HOW TO COMPLETE THIS TASK: The entries are to be output word for word, with the pictures omitted.

RECORDS FOR THIS EXERCISE:
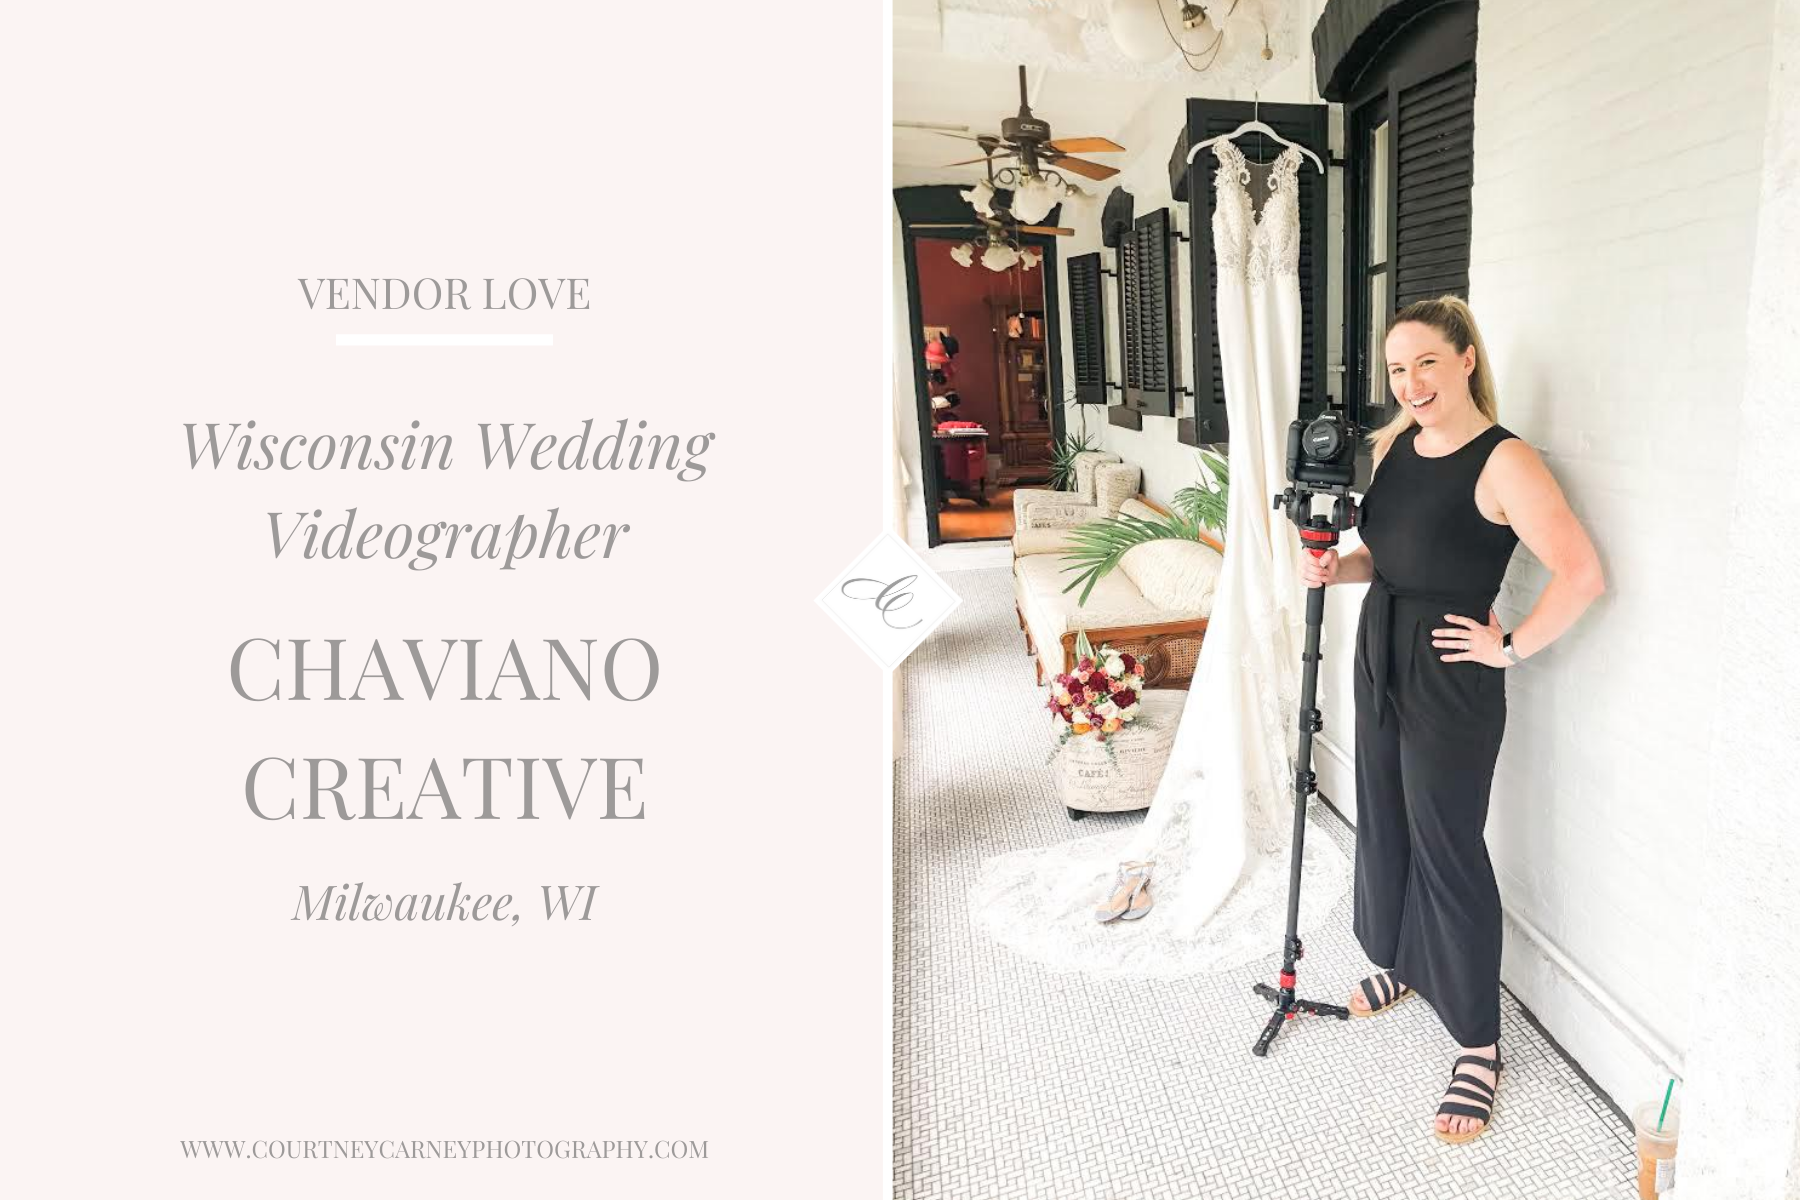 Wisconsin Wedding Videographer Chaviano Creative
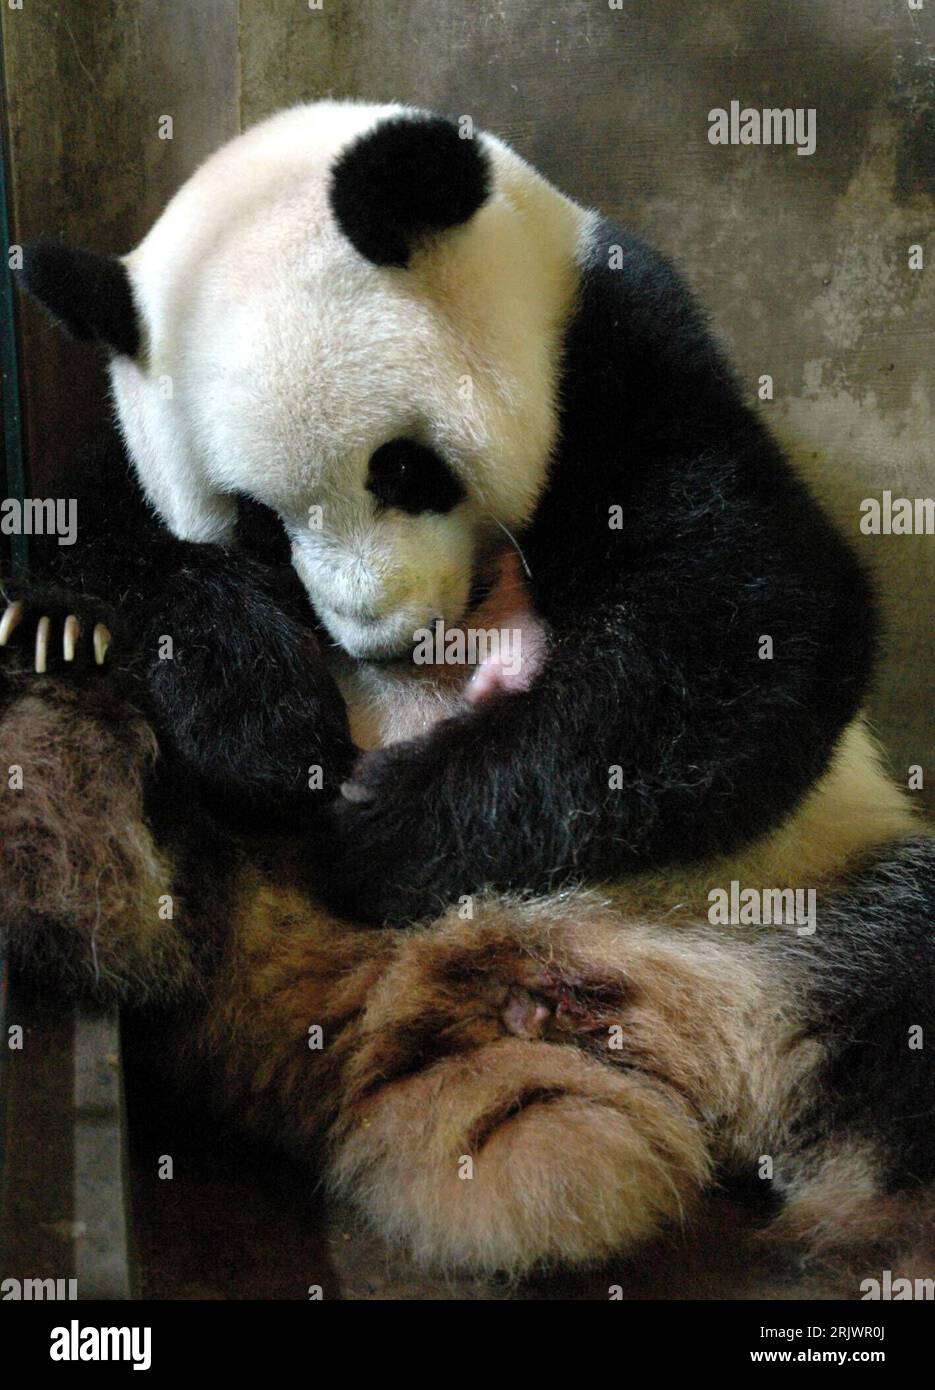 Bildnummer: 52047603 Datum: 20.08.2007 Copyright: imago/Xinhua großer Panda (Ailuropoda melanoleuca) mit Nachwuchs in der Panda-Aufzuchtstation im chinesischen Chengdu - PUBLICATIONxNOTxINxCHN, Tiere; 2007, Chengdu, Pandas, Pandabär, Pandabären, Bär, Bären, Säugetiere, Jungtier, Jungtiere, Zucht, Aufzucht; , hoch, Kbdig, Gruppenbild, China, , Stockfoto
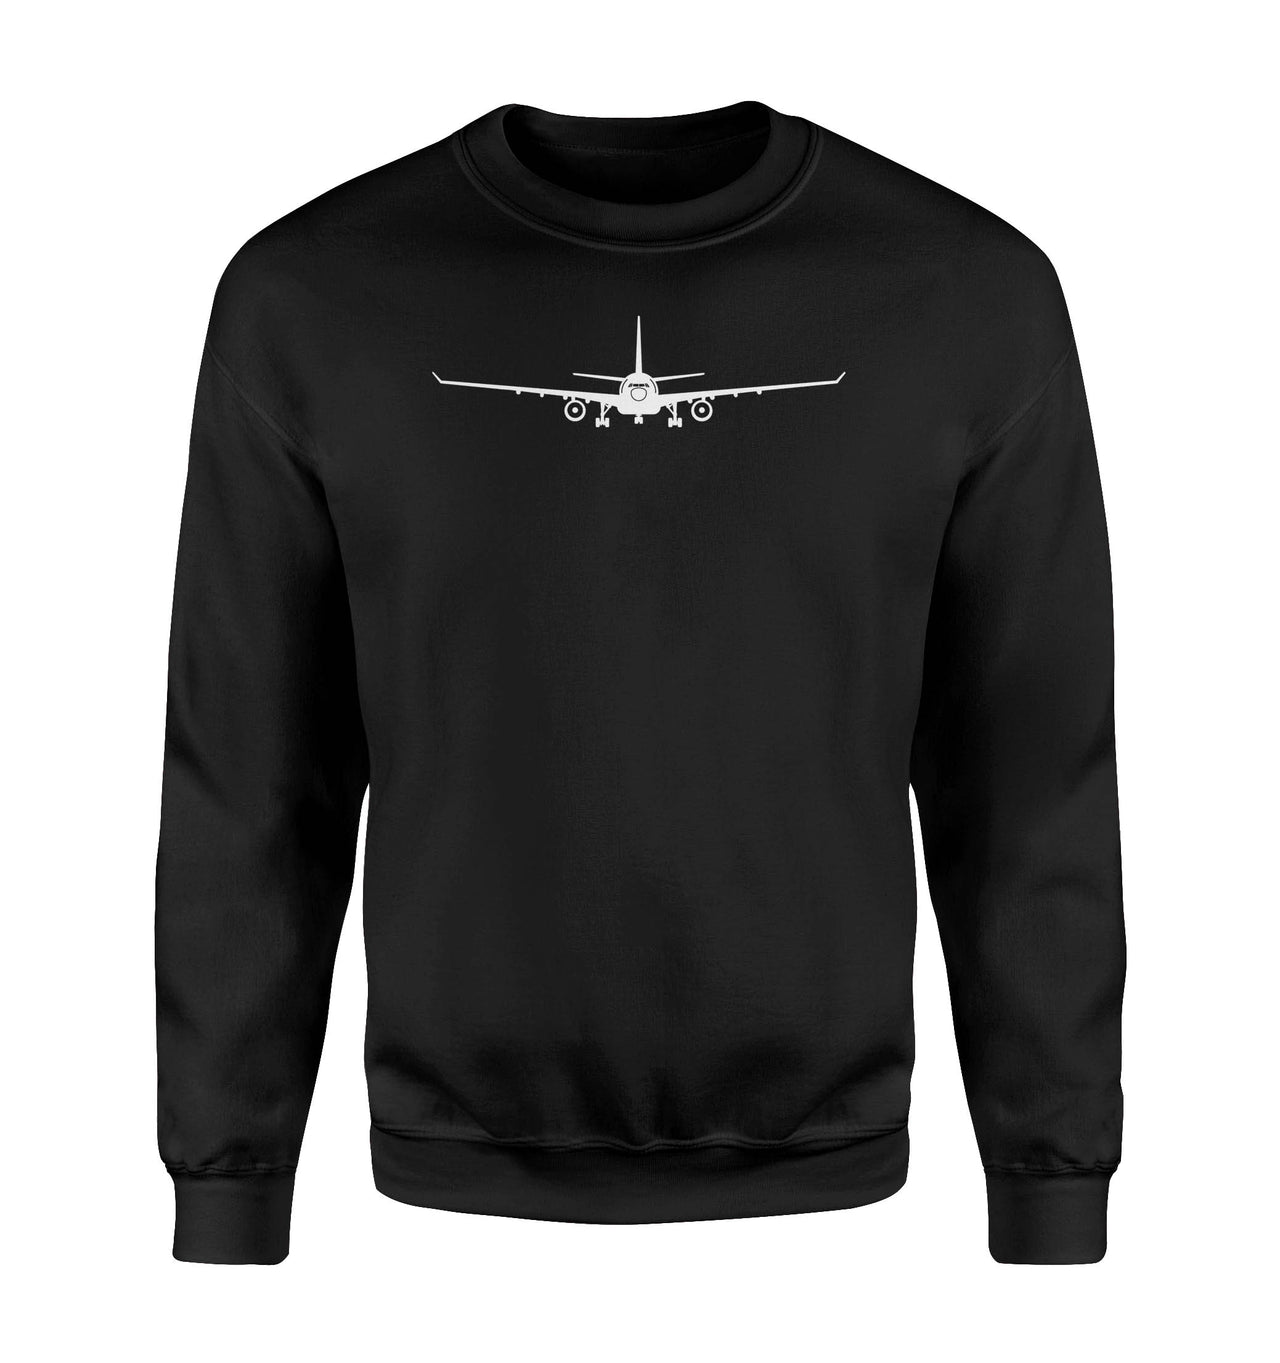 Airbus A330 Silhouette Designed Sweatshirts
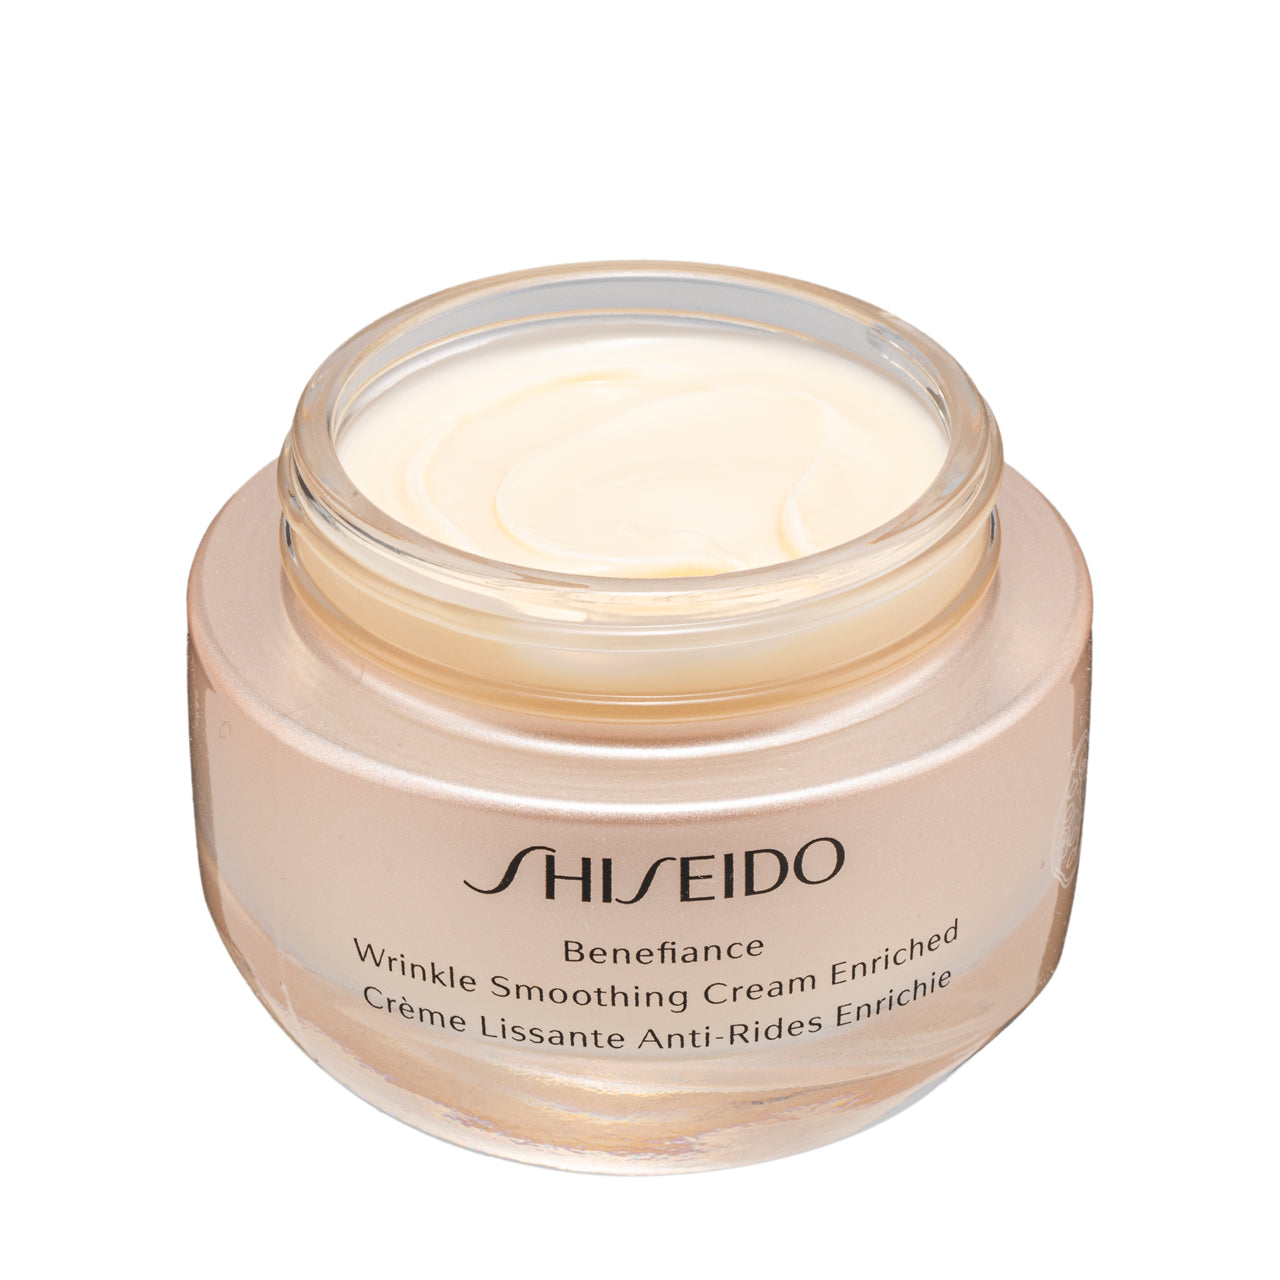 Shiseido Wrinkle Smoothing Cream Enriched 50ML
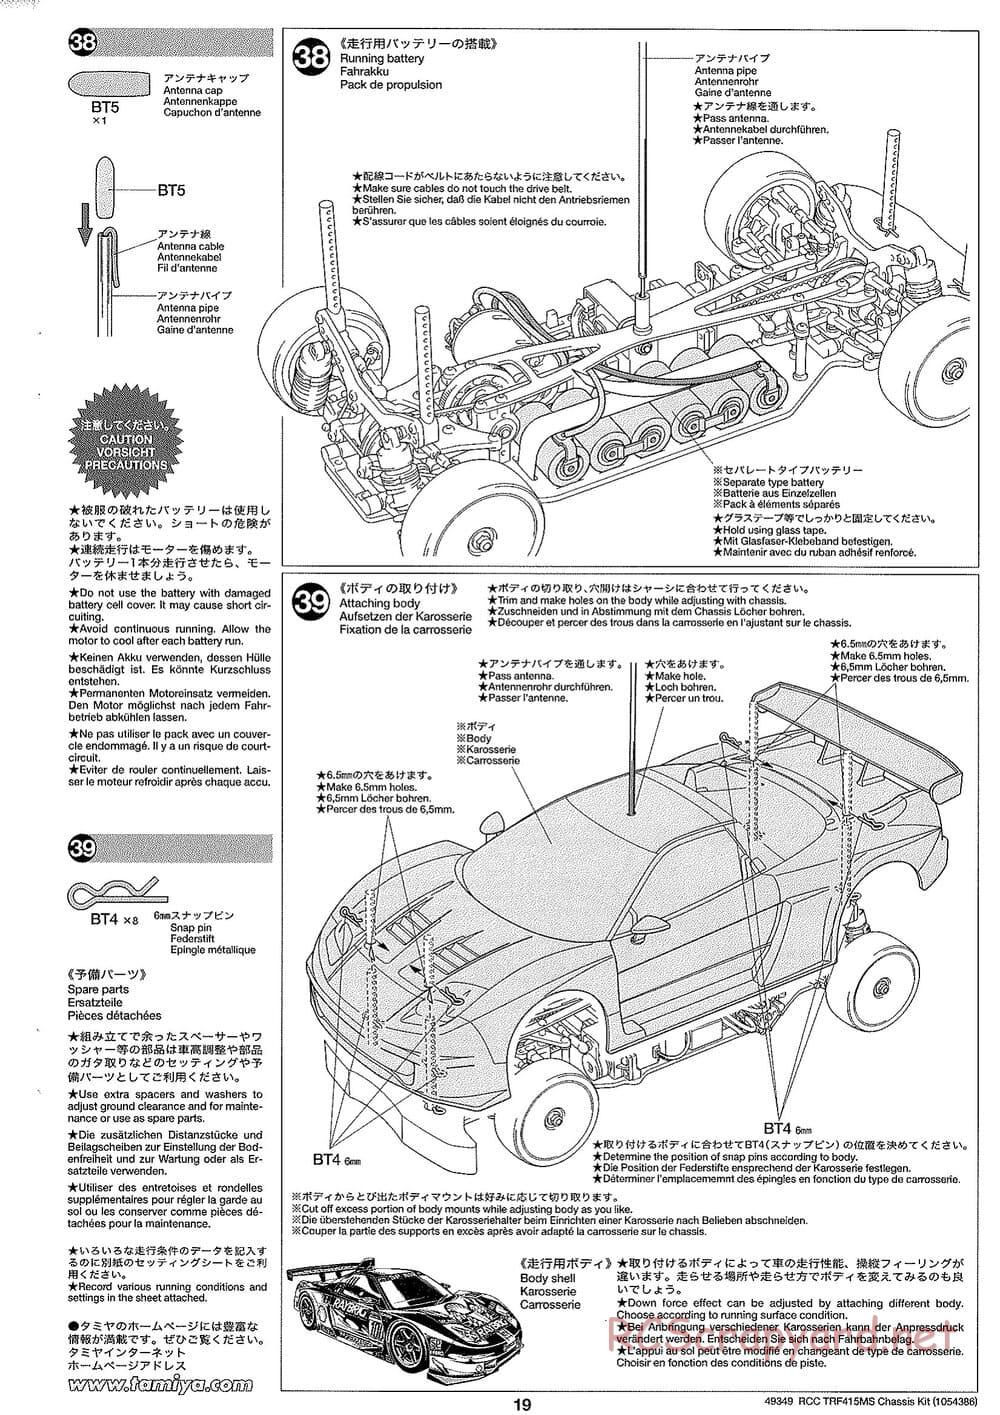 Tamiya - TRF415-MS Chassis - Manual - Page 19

RESULT OF THIS TASK:
 Wisconsin Wedding Videographer Chaviano Creative
 Bildnummer: 52047603 Datum: 20.08.2007 Copyright: imago/Xinhua großer Panda (Ailuropoda melanoleuca) mit Nachwuchs in der Panda-Aufzuchtstation im chinesischen Chengdu - PUBLICATIONxNOTxINxCHN, Tiere; 2007, Chengdu, Pandas, Pandabär, Pandabären, Bär, Bären, Säugetiere, Jungtier, Jungtiere, Zucht, Aufzucht; , hoch, Kbdig, Gruppenbild, China, , Stockfoto
 Airbus A330 Silhouette Designed Sweatshirts
 Shiseido Wrinkle Smoothing Cream Enriched 50ML
 Tamiya - TRF415-MS Chassis - Manual - Page 19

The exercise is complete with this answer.